Each 1g cream contains 0.64mg Betamethasone Dipropionate (equivalent to 0.5mg Betamethasone base).
Mechanism of Action:
Betamethasone preparations contain the dipropionate ester of betamethasone which is a glucocorticoid exhibiting the general properties of corticosteroids.
In pharmacological doses, corticosteroids are used primarily for their anti-inflammatory and/or immune suppressive effects.

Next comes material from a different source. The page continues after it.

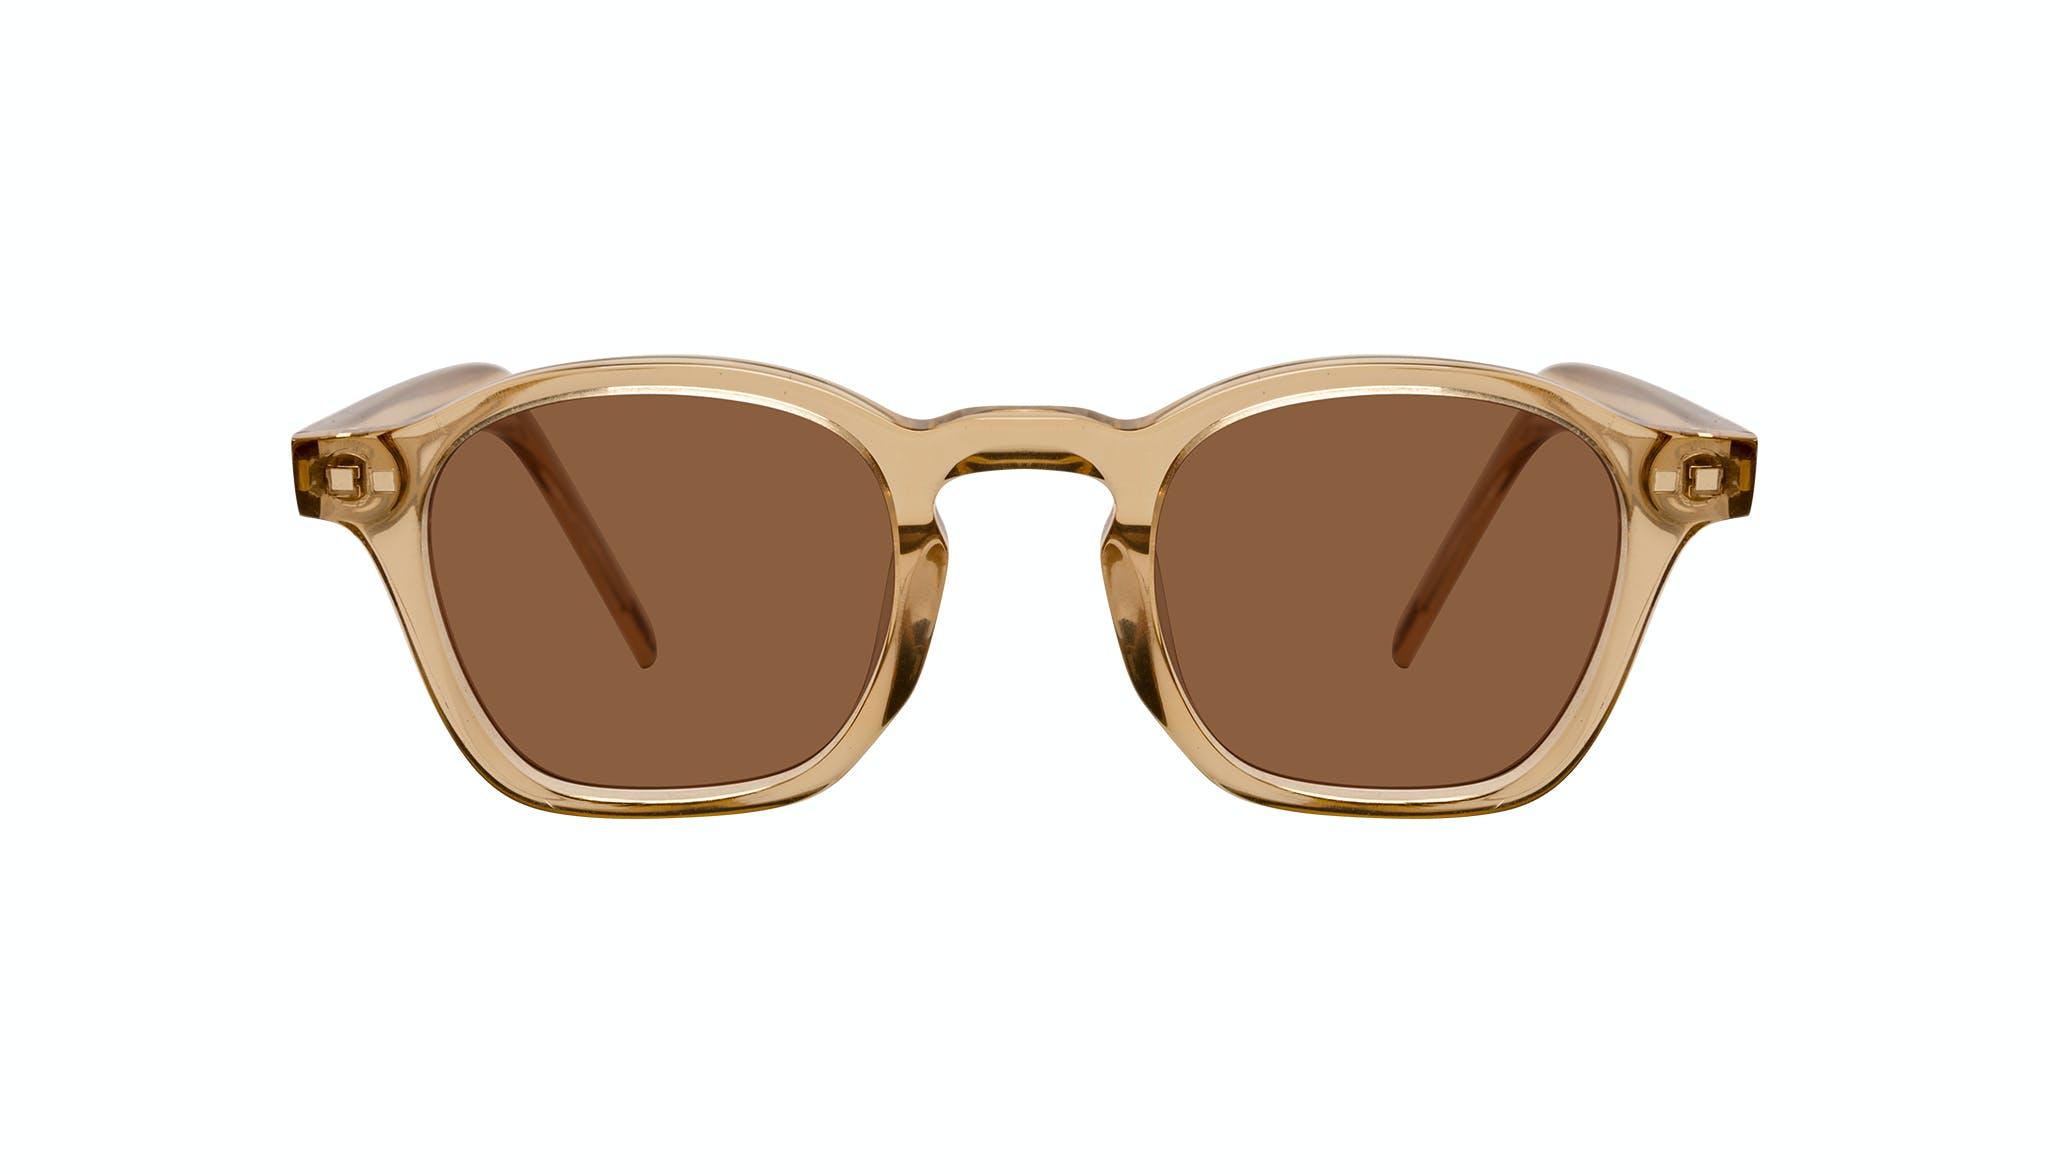 Affordable Fashion Glasses Square Sunglasses Men Brisk Golden

Topical corticosteroids such as betamethasone dipropionate are effective in the treatment of a range of dermatoses because of their anti-inflammatory, anti-pruritic and vasoconstrictive actions. However, while the physiologic, pharmacologic and clinical effects of the corticosteroids are well known, the exact mechanisms of their action in each disease are uncertain.
The extent of percutaneous absorption of topical corticosteroids is determined by many factors including vehicle, integrity of the epidermal barrier and the use of occlusive dressings.
Topical corticosteroids can be absorbed through intact, normal skin. Inflammation and/or other disease processes in the skin may increase percutaneous absorption.
Occlusive dressings substantially increase the percutaneous absorption of topical corticosteroids.
Once absorbed through the skin, topical corticosteroids enter pharmacokinetic pathways similar to systemically administered corticosteroids. Corticosteroids are bound to plasma proteins in varying degrees, are metabolised primarily in the liver and excreted by the kidneys. Some of the topical corticosteroids and their metabolites are also excreted in the bile.
Betamethasone Dipropionate is a synthetic fluorinated corticosteroid. It is active topically and produces a rapid and sustained response in eczema and dermatitis of all types, including atopic eczema, photodermatitis. Lichen planus, lichen simplex, prurigonodularis, discoid lupus erythematosus, necrobiosislipoidica, pretibial myxodemea and erythroderma. It is also effective in the less responsive conditions such as psoriasis of the scalp and chronic plaque psoriasis of the hands and feet, but excluding widespread plaque psoriasis.
Rosacea, acne, perioral dermatitis, perianal and genital pruritus. Hypersensitivity to any of the ingredients of the Betamethasone presentations contra-indicates their use as does tuberculous and most viral lesions of the skin, particularly herpes simplex, vacinia, varicella. Betamethasone should not be used in napkin eruptions, fungal or bacterial skin infections without suitable concomitant anti-infective therapy.
Warnings and precautions:
Dosage and administration:
Adults and Children:
- Once to twice daily. In most cases a thin film of Betamethasone should be applied to cover the affected area twice daily. For some patients adequate maintenance therapy may be achieved with less frequent application.
- Betamethasone Cream is especially appropriate for moist or weeping surfaces.
- lichenifield or scaly lesions but this is not invariably so Control over the dosage regimen may be achieved during intermittent and maintenance therapy by using Betamethasone Cream, the base vehicles of Betamethasone Cream. Such control may be necessary in mild and improving dry skin conditions requiring low dose steroid treatment.
Excessive prolonged use of topical corticosteroids can suppress pituitary-adrenal functions resulting in secondary adrenal insufficiency which is usually reversible. In such cases appropriate symptomatic treatment is indicated. If HPA axis suppression is noted, an attempt should be made to withdraw the drug, reduce the frequency of application, or to substitute a less potent steroid.
The steroid content of each tube is so low as to have little or no toxic effect in the unlikely event of accidental oral ingestion.
Using during pregnancy or lacation:
There are no adequate and well controlled studies of the teratogenic potential of topically applied corticosteroids in pregnant women. Therefore topical steroids should be used during pregnancy only if the potential benefit justifies the potential risk to the foetus.
It is not known whether topical administration of corticosteroids would result in sufficient systemic absorption to produce detectable quantities in breast milk. Systemically administered corticosteroids are secreted into breast milk in quantities not likely to have a deleterious effect on the infant. Nevertheless, a decision should be made whether to discontinue the drug, taking into account the importance of the drug to the mother.